Looks like you're using entries in mc, which are doubles, as a part of array subscripts, thus making the entire subscript a double.
If you meant to do this, try casting back to an integer. I don't know what the context of this problem is, but I'd take a real good look at what you're doing to ensure you really want to use the contents of mc as a subscript.
The compiler is complaining because the expression you use as an array index evaluates to type double.

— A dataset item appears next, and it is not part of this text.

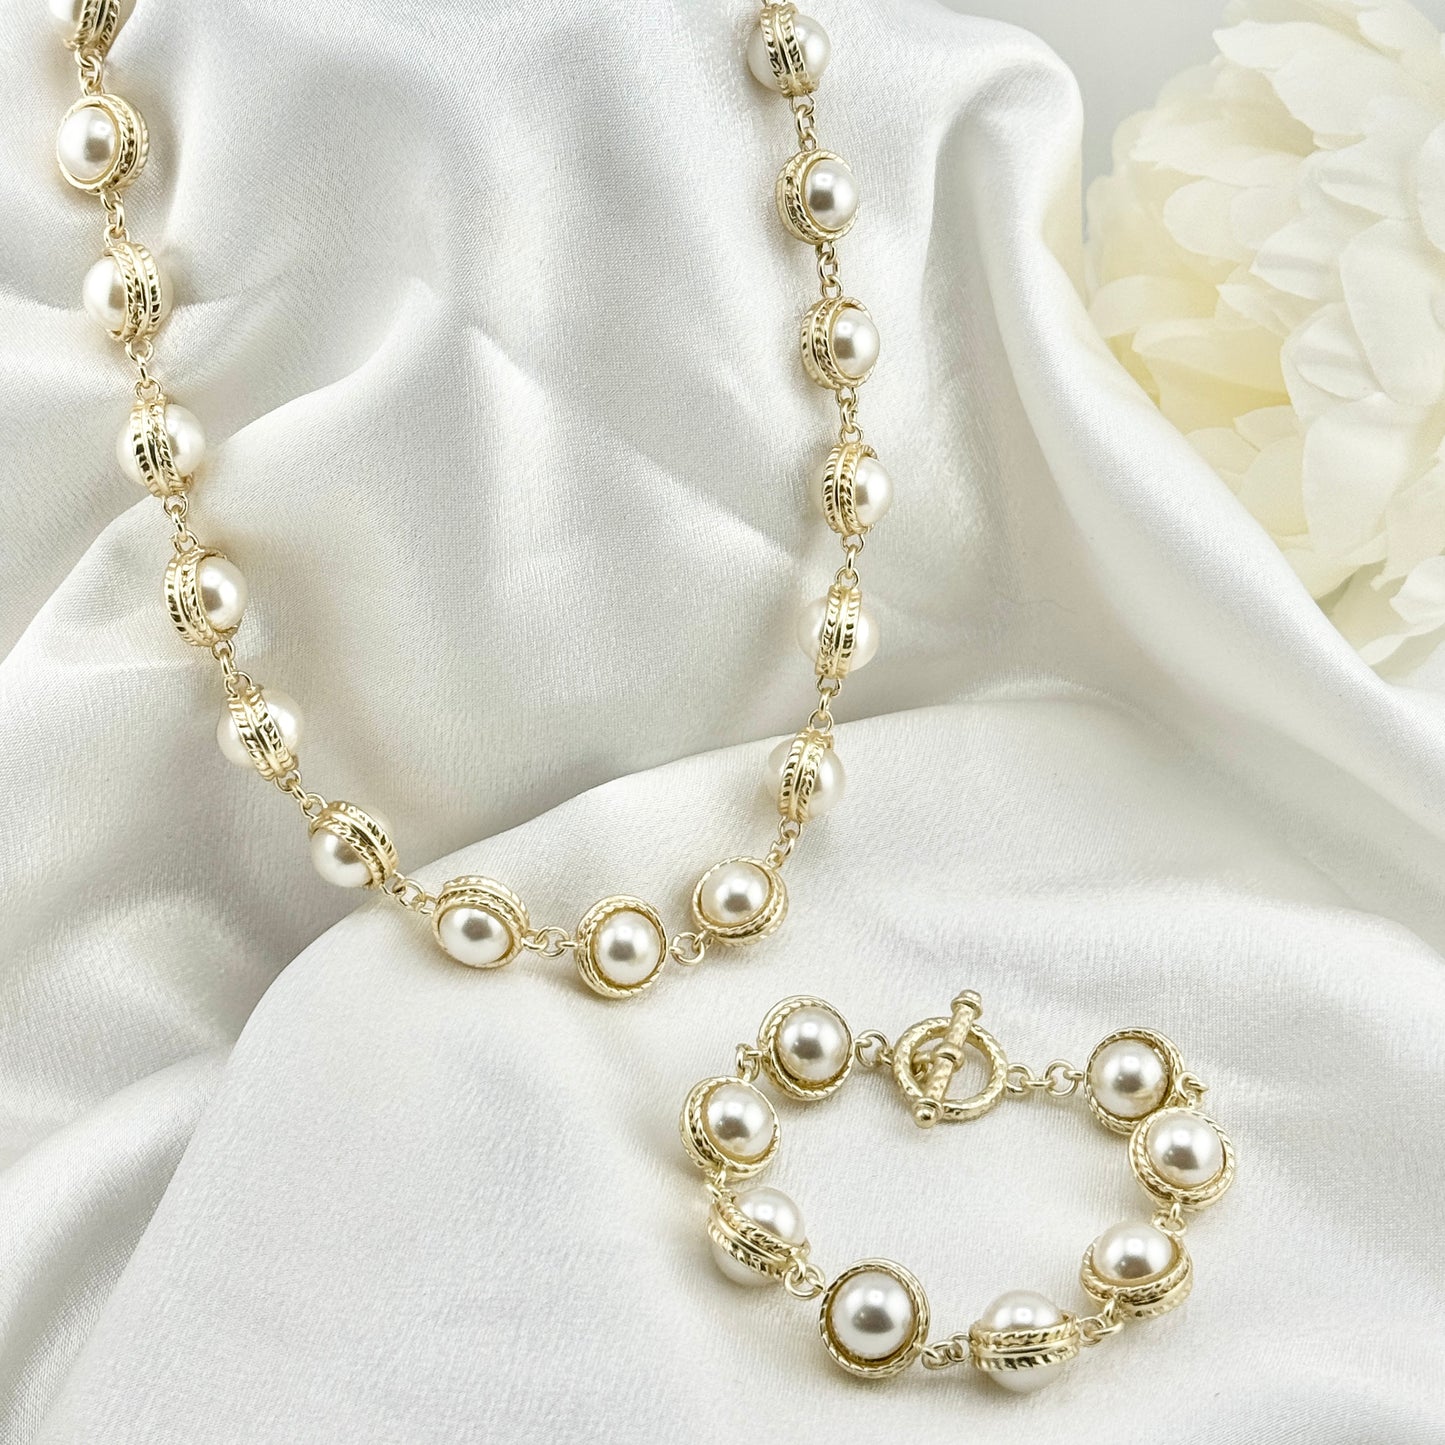 Rumania pearl necklace

In other words, the expression:
mc[2*kc] + i*dim
...will give you a result which is of type double. You may want to look into the rules for usual arithmetic type conversions in C if you don't understand why this expression evaluates to a double.
The problem is that array indices must be integral types, like int or long. This is because the array subscript operator in C is basically shorthand for pointer arithmetic. In other words, saying array[N] is the same as saying *(array + N). But you can't do pointer arithmetic with non-integral types like float or double, so of course the array subscript operator won't work that way either.
To fix this, you'll need to cast the result of your array-indexing expression to an integral type.
mc is an array of doubles, and floating point values cannot be used to index arrays. I notice that nowhere in your code do you assign anything other than integers to mc. You should consider changing mc's type to an array of integers.